On this issue you have to talk frankly about the number of people that were just ignorant on the subject and got exploited. Real Estate and mortgages are too big of an issue to be naive in any way.

Also, the banks and mortgage brokers sold these loans like there were no standards. I make base salary, but I truly wonder how folks afford these $600-700K or more homes. the base principal and interest on some of these loans are $3000 or more.

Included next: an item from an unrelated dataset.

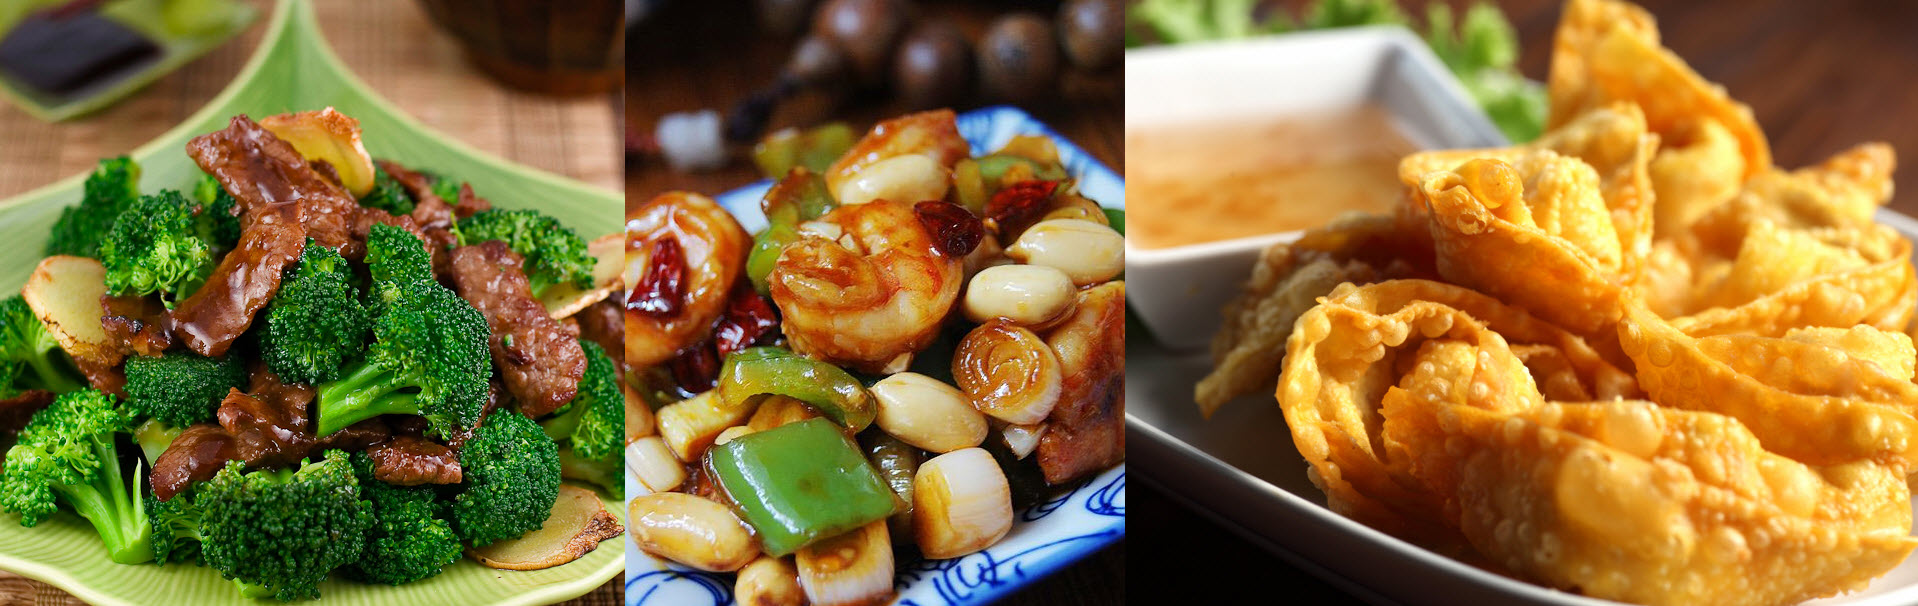 Your favorite Chinese food at Hong Kong Seafood Restaurant

Posted by: Stupidity or Fraud | May 5, 2008 3:55 PM

The recent congressional bill for $300 billions bail-out of distressed homeowners will not stop the rapid downturn of the residential real estate in the U.S. Because many of the home buyers in the last 5 years who used those fancy loans, i.e. no-down, interest only, ARM, Alt-A, etc., could only afford the 2% teaser rate and hope the ever increasing equaty can be taped to pay the higher mortgage in 2years. but those dreams were busted. Even if the Fed bail-out plan can provide a 6% fixed rate mortgage, these borrowers still can not afford it. They just simply walk away and move back to renting under the subsdized low-income housing programs. The foreclosure rate will keep on growing and the inventory of bank repossesed homes will result in much more bank write- downs. The $1.3 trillions loss of bad mortgage backed securities need a long time to be digested by the global markets. This long and painful correction will not end until 2013, the earliest.

Posted by: JC Inter | May 6, 2008 9:18 AM

Perhaps there were no bids because nobody wants to live in PG County. I fled in 1991. Now that we are in an energy crisis and the building of new nuclear plants are being considered, perhaps PG County would be a fine place to put three or four nukes.